Dabei weist die Covid-19-Pandemie auf grundsätzliche Fehler im globalen Medikamentensystem hin. Für viele Arzneimittel gilt, dass sie zu teuer für ärmere Regionen sind, wenn sie dort überhaupt vermarktet werden. Und selbst in der EU kommen Gesundheitssysteme zunehmend an die Grenzen der Finanzierbarkeit, was Beispiele wie Sofosbuvir, ein Medikament gegen Hepatitis C, oder einige Krebsmedikamente zeigen. Die Preise für Medikamente sind in der Regel nicht nachvollziehbar, Unternehmen müssen die Preisgestaltung nicht darlegen. Allerdings werden die meisten medizinischen Innovationen durch die öffentliche Hand mitfinanziert sind, sei es durch konkrete Förderung einzelner Produkte oder dadurch, dass der Großteil der Grundlagenforschung an öffentlichen Institutionen stattfindet. Die öffentliche Hand bezahlt Medikamente somit doppelt, durch die Bezuschussung der Entwicklung und den späteren Kauf für die Versorgung der eigenen Bevölkerung. Gewinne aus den Innovationen hingegen werden privatisiert, ebenso Entscheidungen über Vertrieb, Preissetzung und Produktionsmengen.

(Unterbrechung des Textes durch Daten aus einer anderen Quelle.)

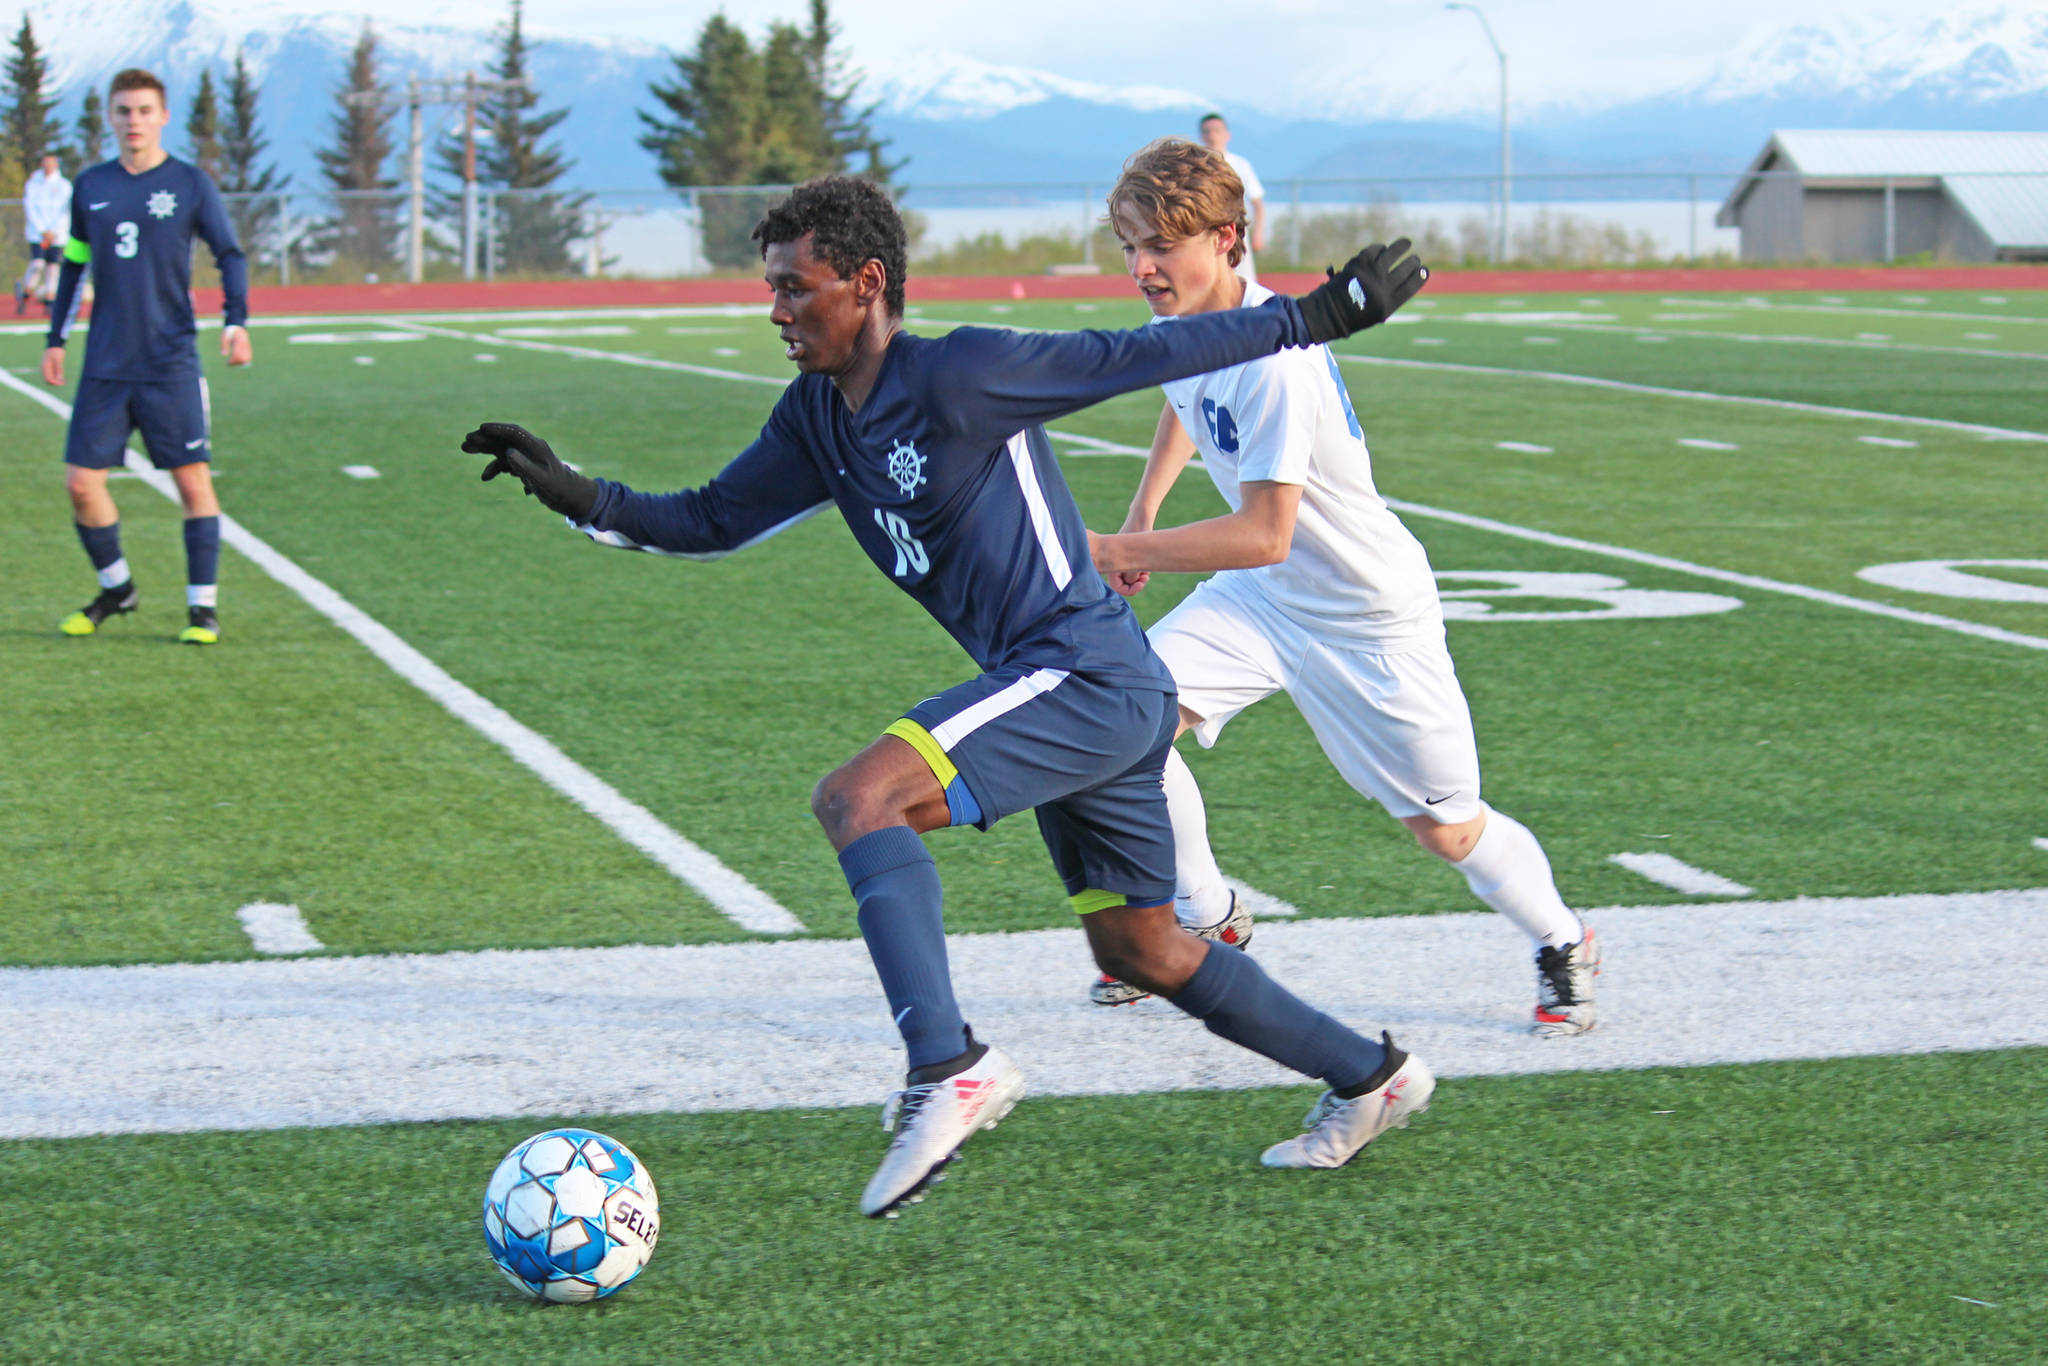 Homer’s Eyoab Knapp takes the ball up the field under pressure from Soldotna’s Quin Cox during the semi-final game of the Peninsula Conference Soccer Tournament on Friday, May 17, 2019 at Homer High School in Homer, Alaska. (Photo by Megan Pacer/Homer News)
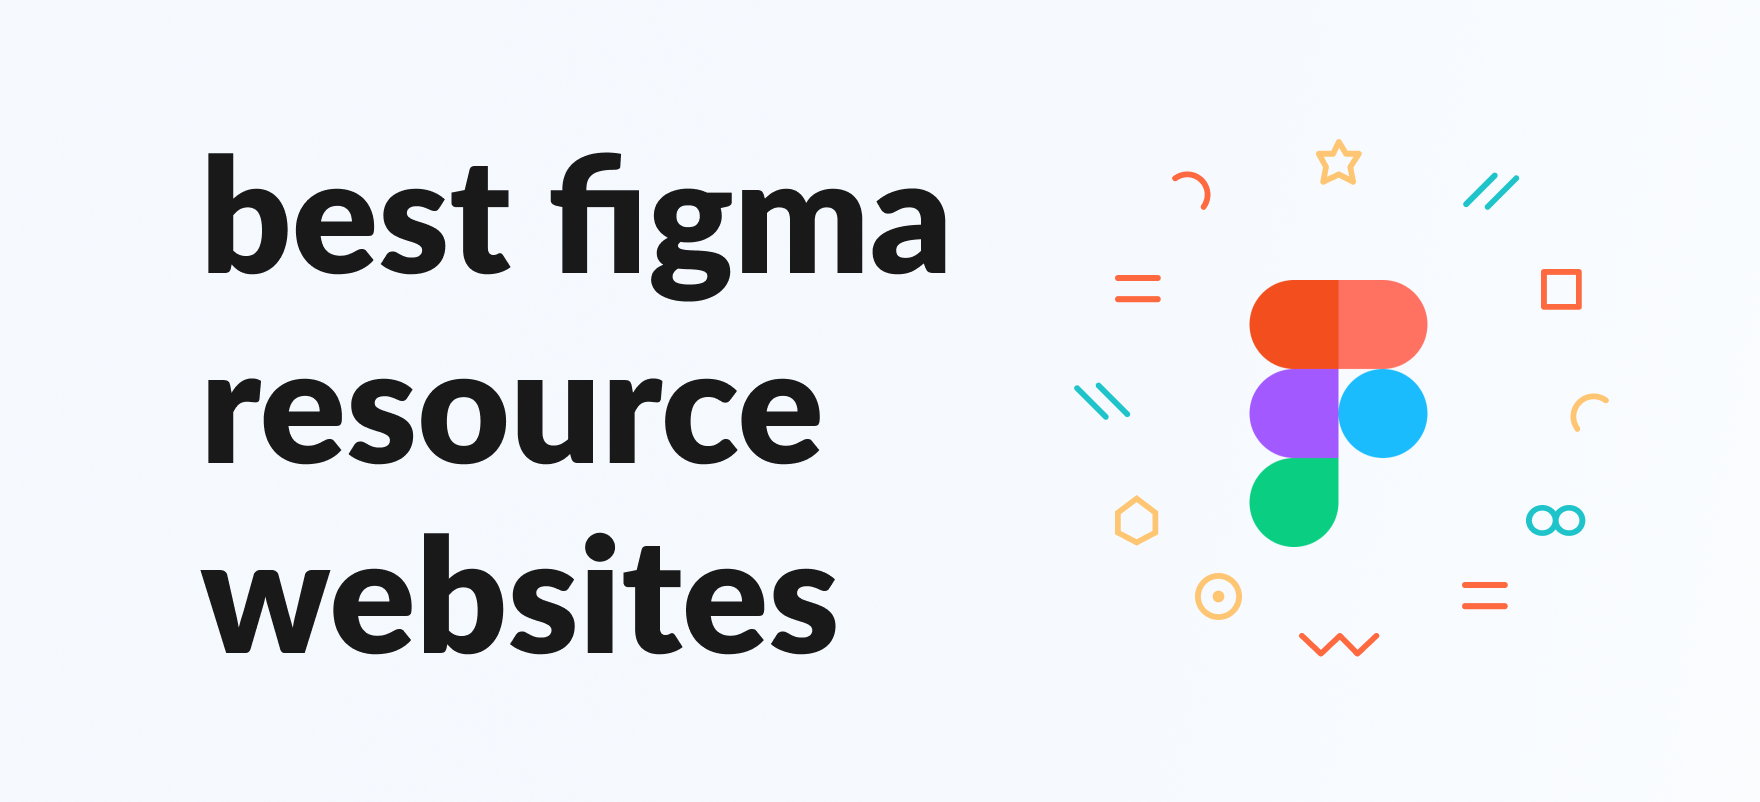 best figma tool resources and ui kits

Dieses System ist besonders in einer globalen Gesundheitskrise unzureichend. Statt in einer Krisensituation kostbare Zeit und Menschenleben durch Verhandlungen über Patentfragen zu verlieren, sollten Regierungen vorausschauend handeln. Dazu gehört, in den nationalen Förderrichtlinien festzulegen, dass immer dann, wenn öffentliche Gelder in die Entwicklung von Arzneimitteln investiert werden, bestimmte Bedingungen für den späteren Zugang zu diesen Produkten geknüpft sind. Diese können unter anderem sein:

  • Gesundheitstechnologien müssen zugänglich, verfügbar und erschwinglich sein. Öffentlich geförderte Forschung und Entwicklung muss zu Gesundheitstechnologien führen, die für diejenigen, die sie benötigen, rechtzeitig zugänglich und verfügbar sind und in angemessener Menge und Preis zur Verfügung stehen.
  • Umfassende Transparenz muss gewährleistet sein, sodass Forschung und Entwicklung, ihre Finanzierungsprozesse und die Preise der daraus resultierenden Technologien, sowie Abnahmeverträge, nachvollzogen und bewertet werden können.
  • Eigentum an den Produkten, wie Patentrechte, muss im Sinne der öffentlichen Gesundheit geregelt sein. Es sollten verschiedene Formen der Verwaltung und Lizenzierung von geistigem Eigentumsrechten in Erwägung gezogen werden, wie eine Veröffentlichung von Daten und Informationen, nicht-exklusive Lizenzierungen an anderen Unternehmen oder Forschungseinrichtungen, Schenkung von geistigem Eigentum und Beteiligung an öffentlichen Patentpools, wie C-TAP oder dem mRNA-Hub. Dies gilt besonders im Falle einer Gesundheitskrise wie Covid-19

Deutschland als Vorreiter?

Laut deutschem Förderrecht wäre es möglich, entsprechende Bedingungen an die Vergabe öffentlicher Mittel für Arzneimittel zu knüpfen. Die Bundesregierung sollte davon Gebrauch machen und auch in der Runde der G7 entsprechende Entwicklungen anstoßen. Schließlich gibt es mit dem aktuell bei der WHO verhandelten Pandemievertrag und der Überarbeitung der Internationalen Gesundheitsvorschriften zwei globale Regulierungsprozesse, bei denen genau dies Kernelement der Verhandlungen sein wird. Im Mai auf der Weltgesundheitsversammlung hat eine Vielzahl von Regierungen darauf gedrängt, dass sich solche strukturelle Ungerechtigkeiten wie aktuell in der Pandemie nie wiederholen dürften. Die G7 haben die Verantwortung, genau das sicherzustellen.